ASSIGNMENT -> Pictures aside, print all of the data below exactly as written.

#### SUPPLIED MATERIAL ####

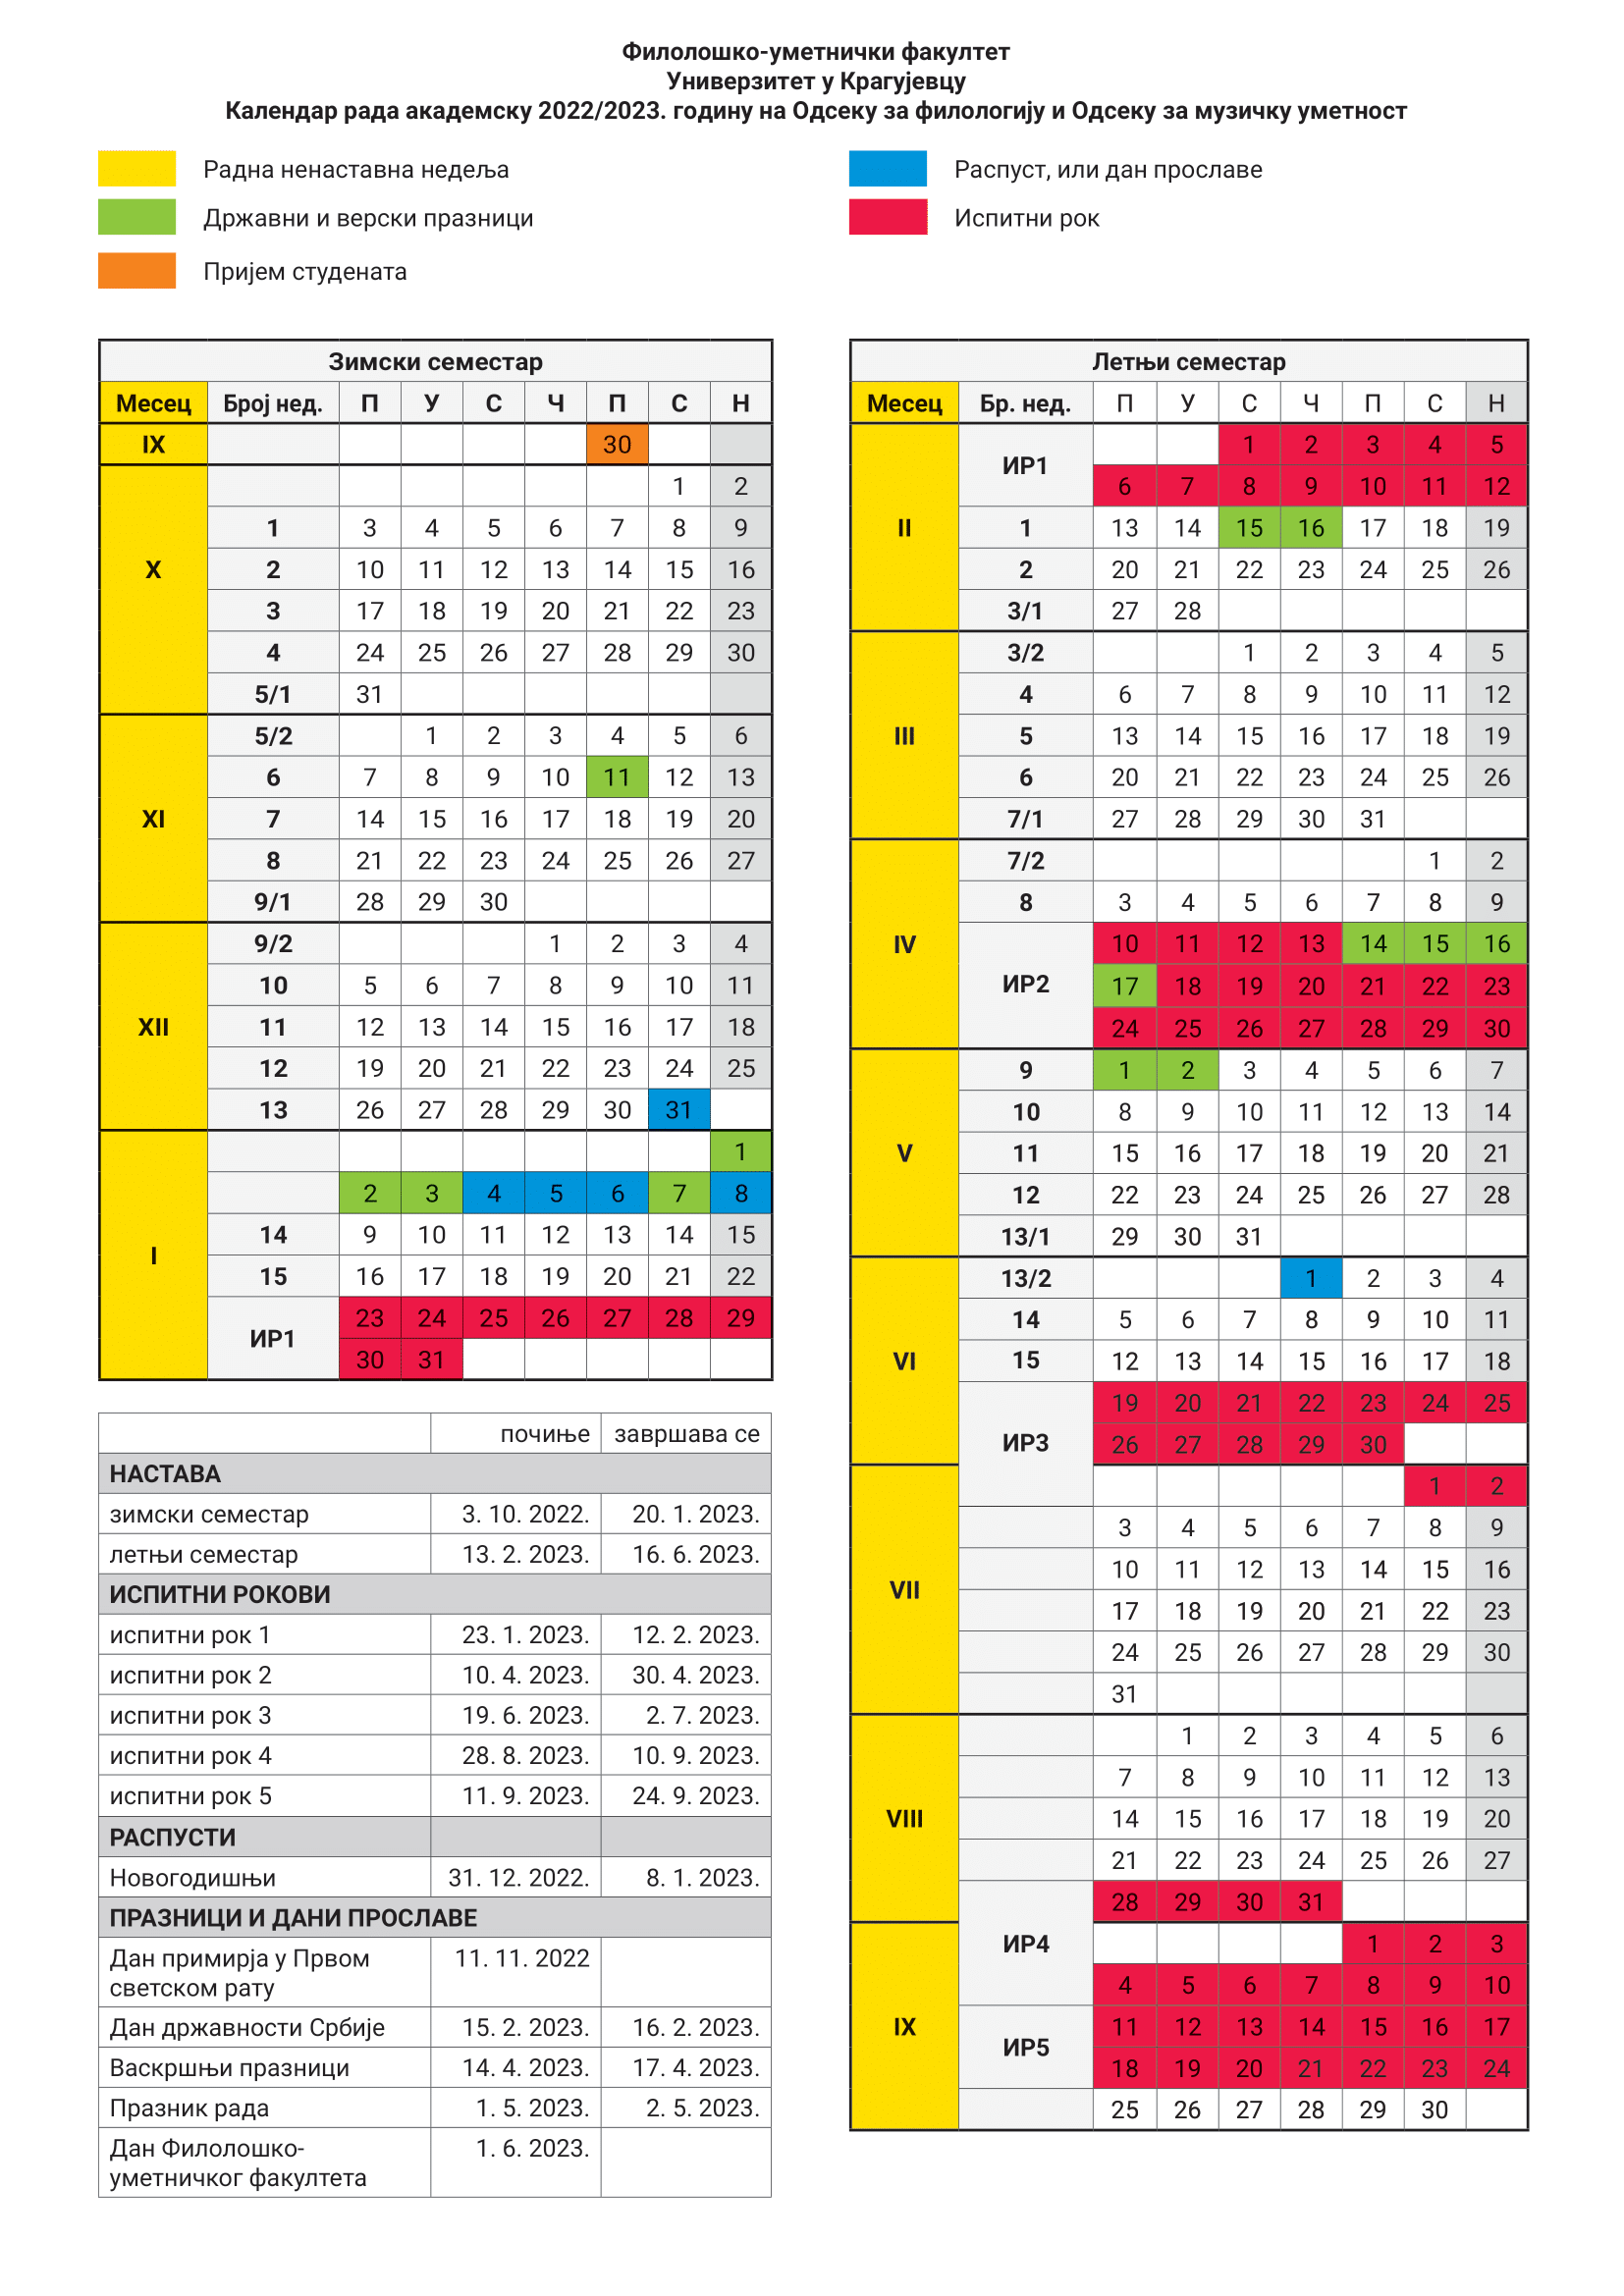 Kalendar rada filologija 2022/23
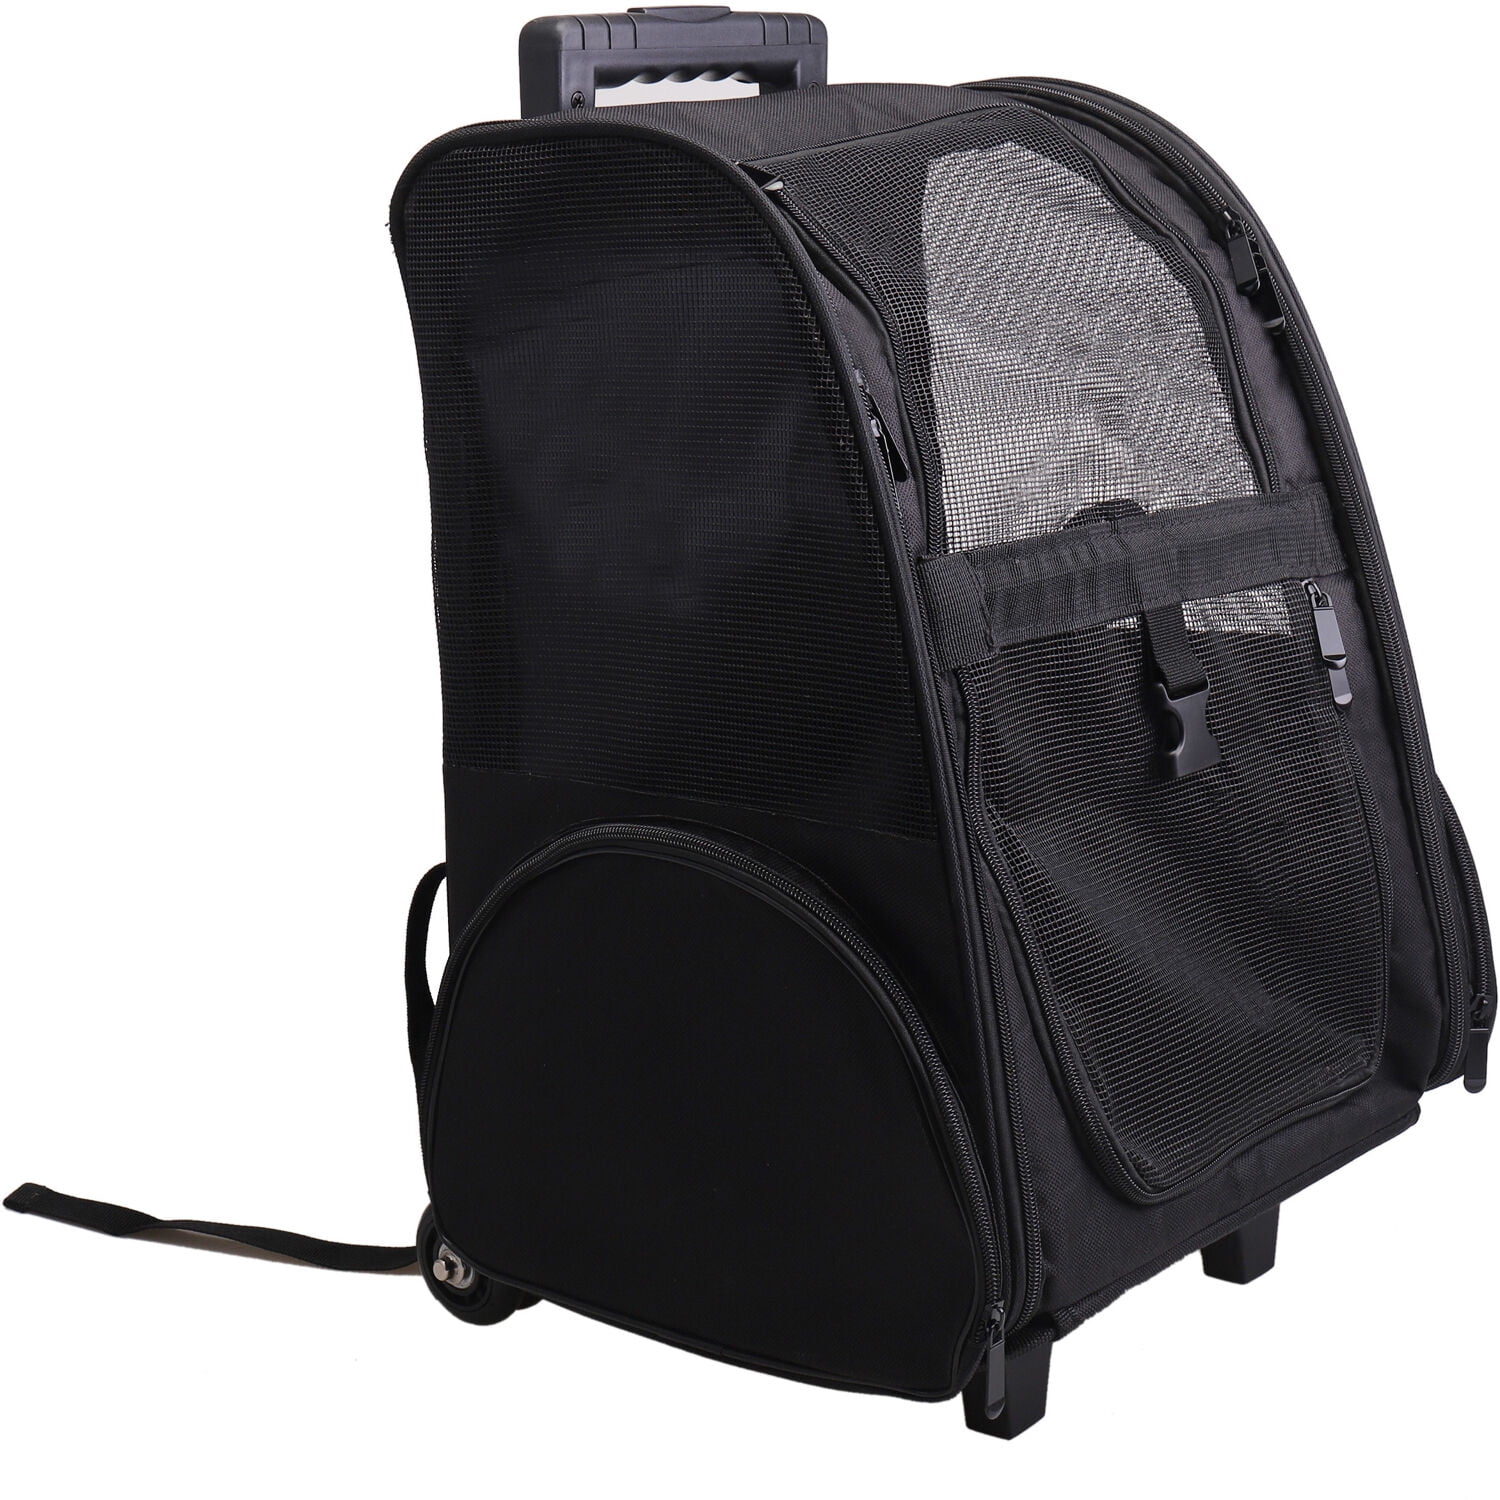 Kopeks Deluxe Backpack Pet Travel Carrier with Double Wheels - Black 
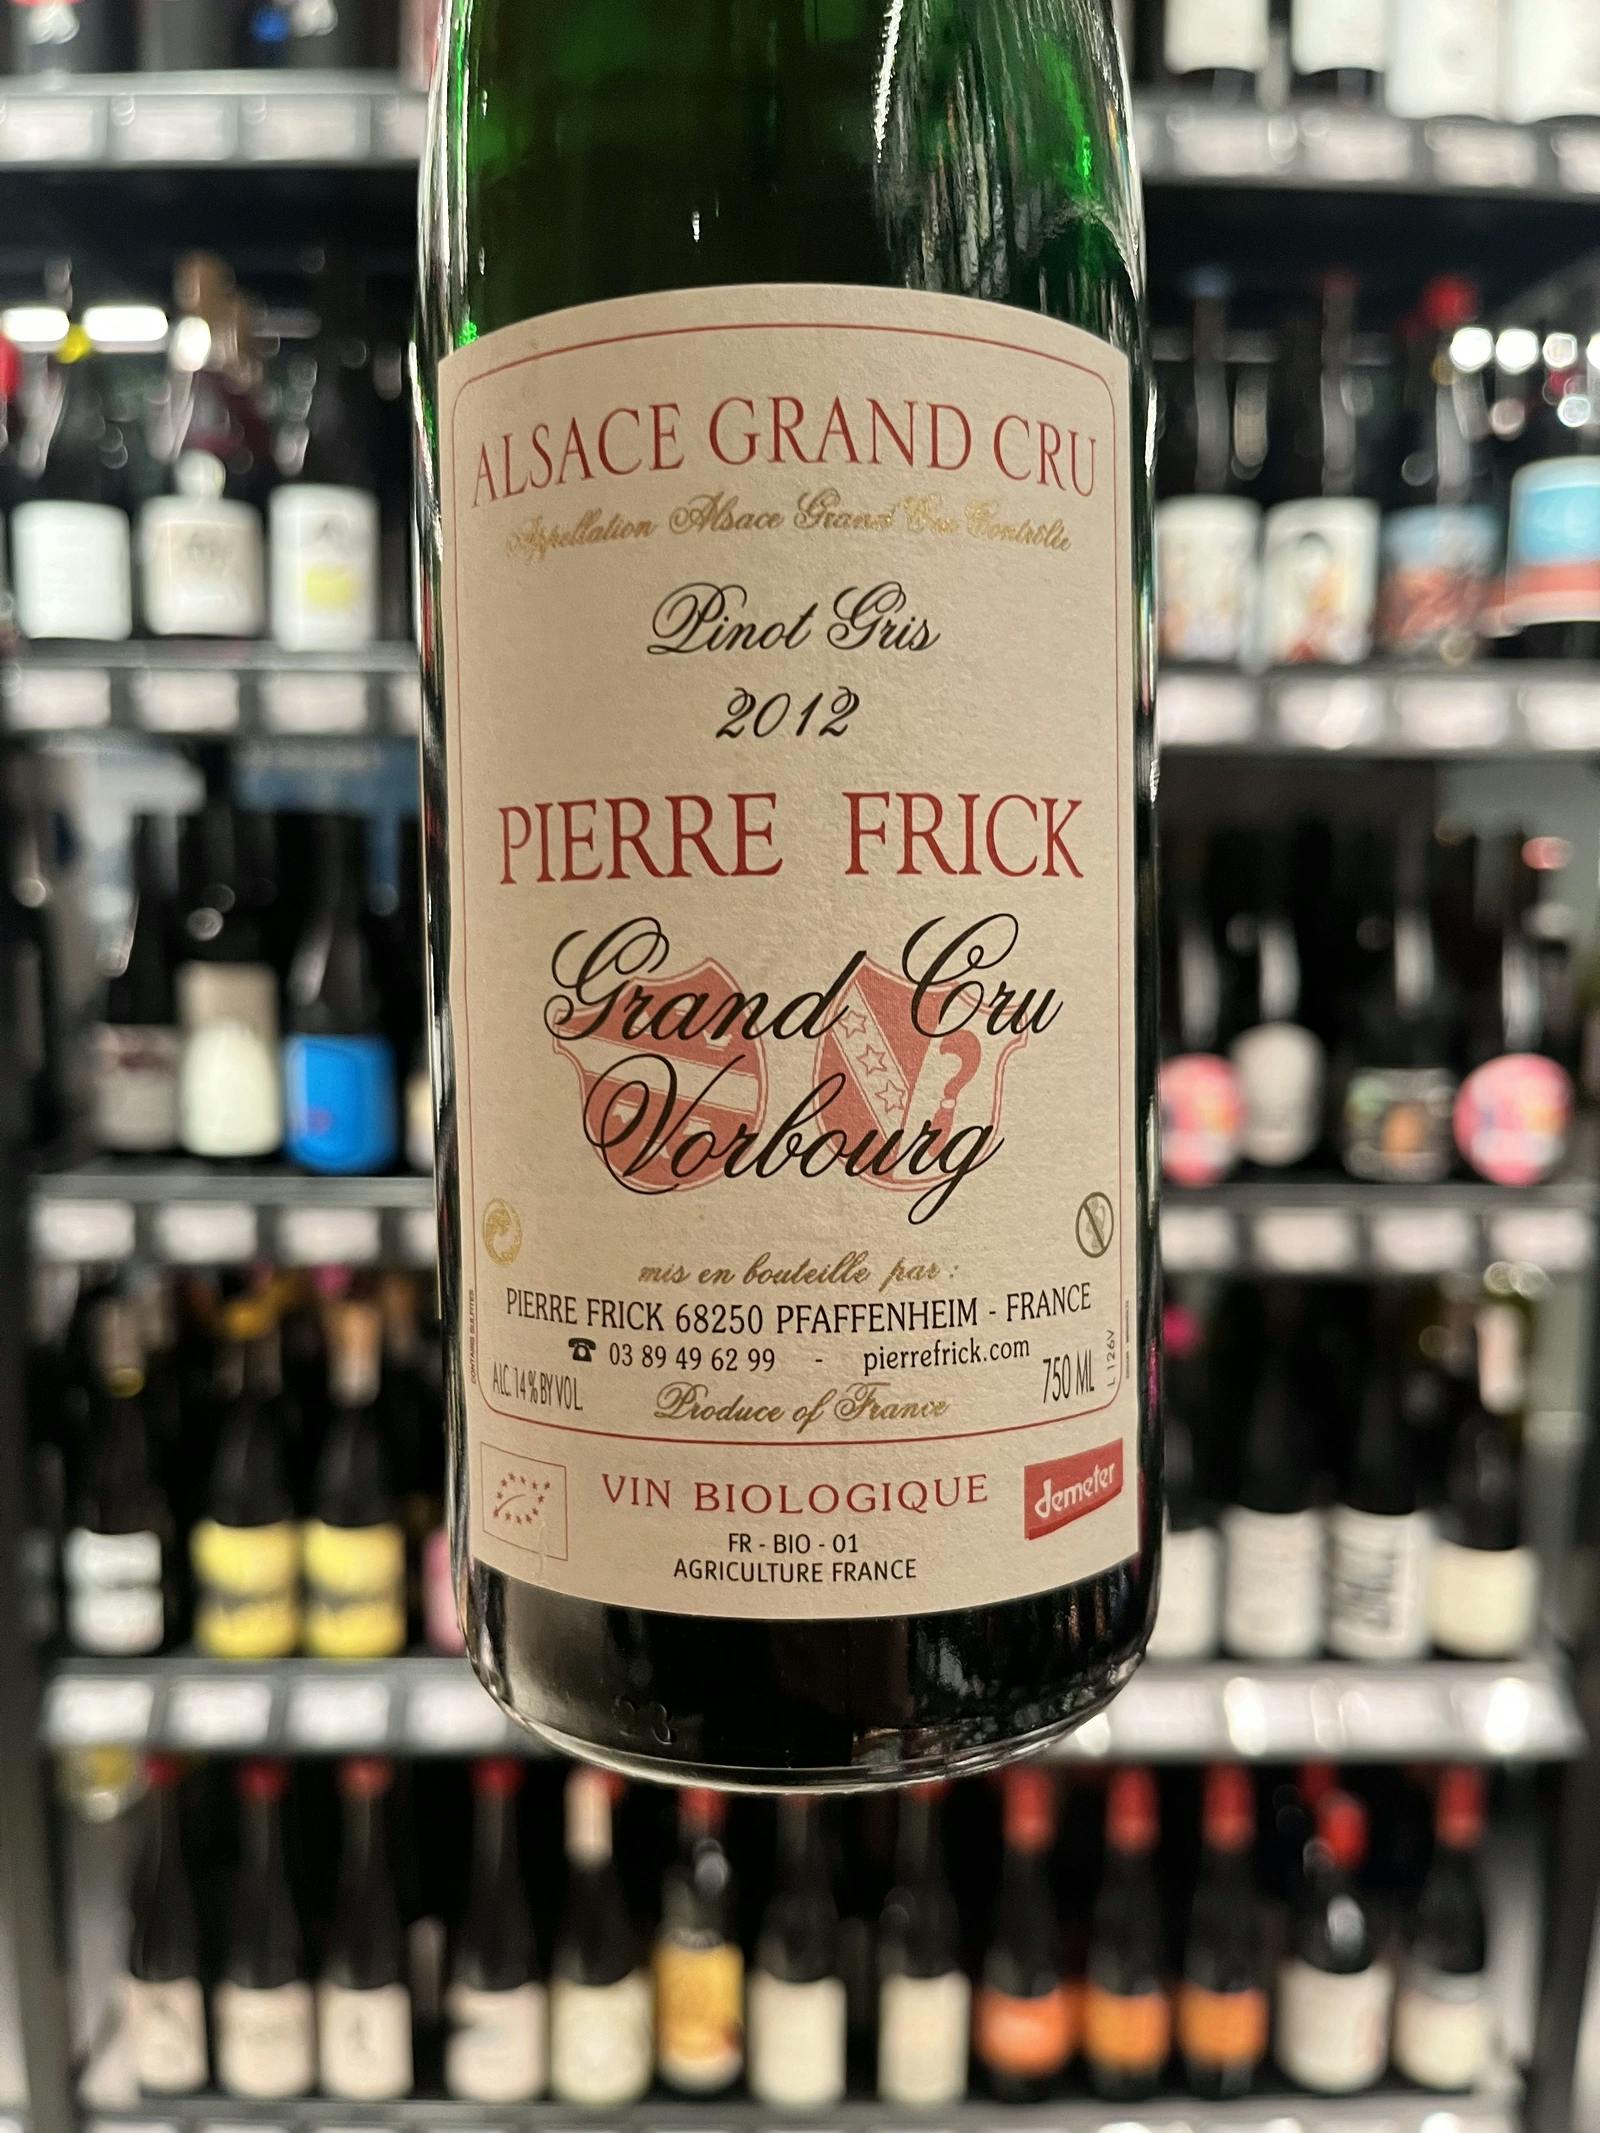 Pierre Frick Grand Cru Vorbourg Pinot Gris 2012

####

EXERCISE RESULT ->
 Kalendar rada filologija 2022/23
 Kopeks Deluxe Backpack Pet Travel Carrier with Double Wheels - Black 
 Pierre Frick Grand Cru Vorbourg Pinot Gris 2012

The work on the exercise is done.